I once had a statistics professor who would begin his explanation of something by saying “Imagine an n-dimensional space.” I knew things were hopeless when he said that. I couldn’t imagine imagining an n-dimenional space, much less do it.
However, I can’t be too critical of the guy. It was in his class that I finally figured out what was really going on in statistics. His class was my sixth college level statistics course, and I’d made my way through the others with memorization, monkey-see monkey-do, and hard work. I got a clue about what was going on in my previous statistics class, but everything suddenly fit together one day in his class. The clouds parted and I thought “Why couldn’t somebody have shown me that before?”

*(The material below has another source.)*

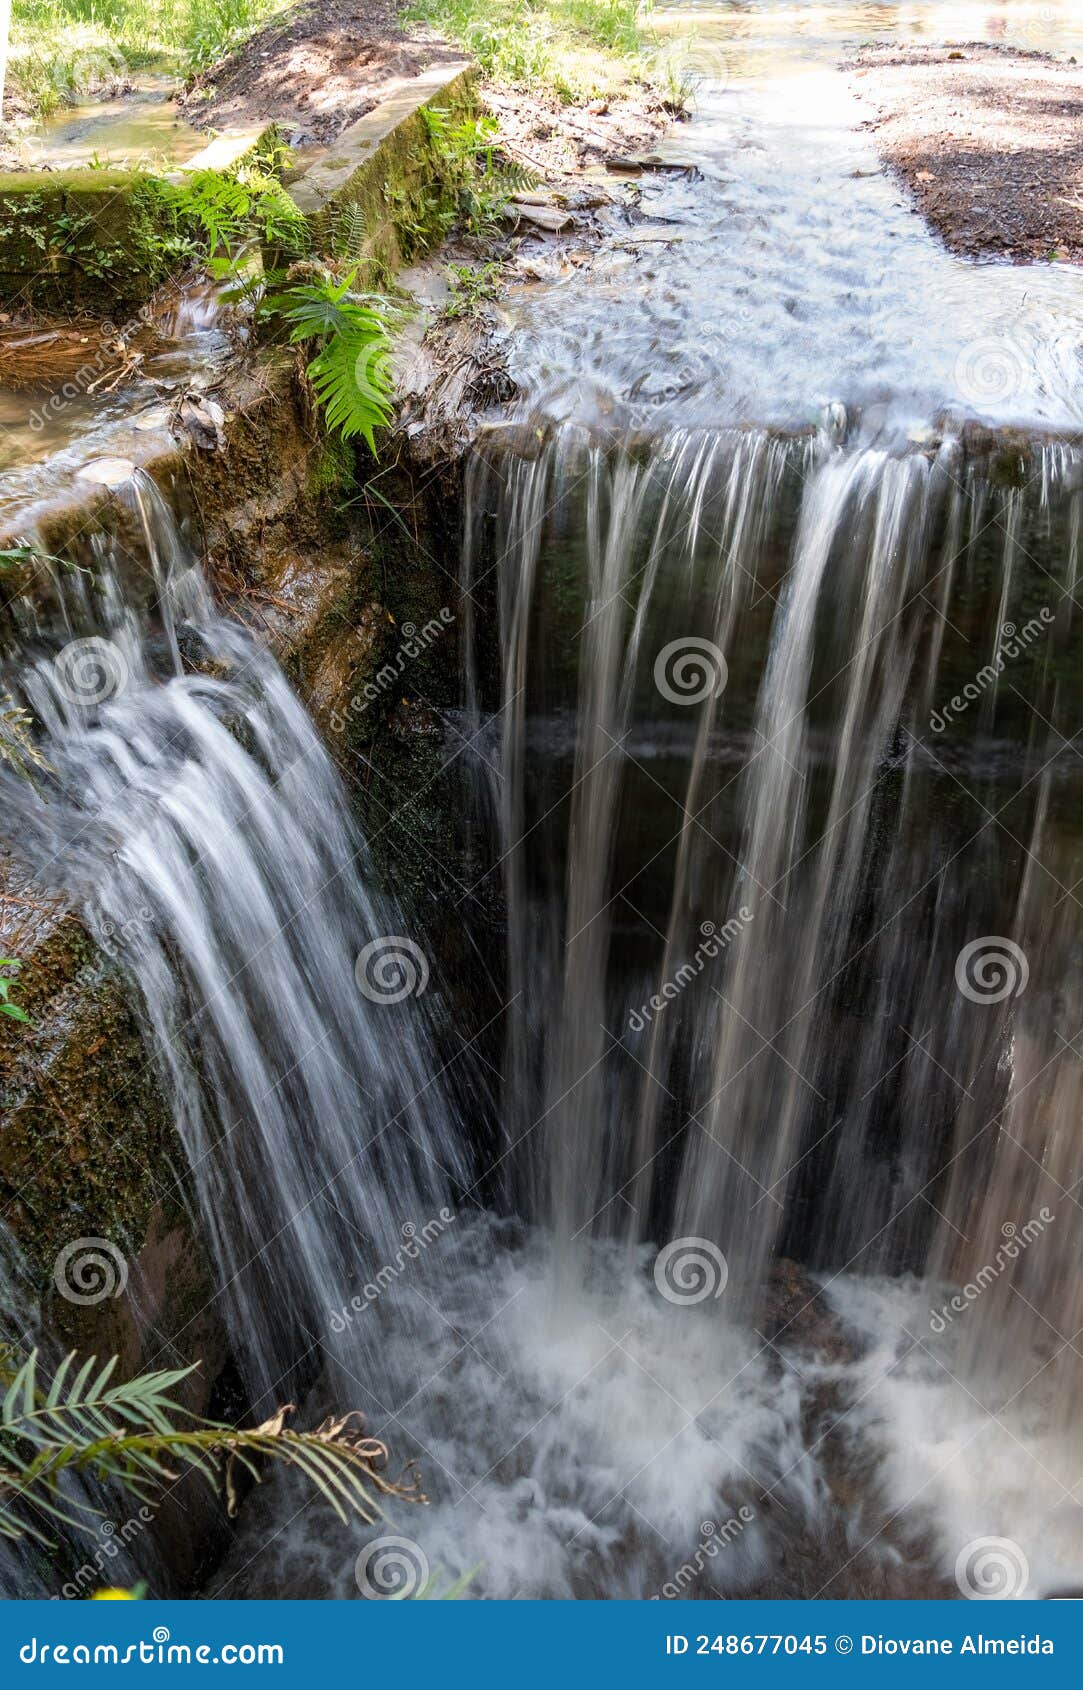 small artificial waterfall, made at the source in parque das ÃÂguas.

Unfortunately, it was an accident. No one could have shown me the secret. The prof was explaining something else, I was daydreaming as I stared at the blackboard, and something he drew and said randomly fit with my daydream. Voila! It all made sense.
That experience in statistics gives me some hope in golf. I know that one day I’ll be hitting a ball with no idea what I’m doing, not even thinking about what I need to work on in my game. But something will click, I’ll feel what’s been wrong and is now right, and if I can hang on to the feeling, then: Voila! It’ll all make sense.
It’s happened before. It’ll happen again. I just have to stop trying to imagine that n-dimensional space. That drives me crazy.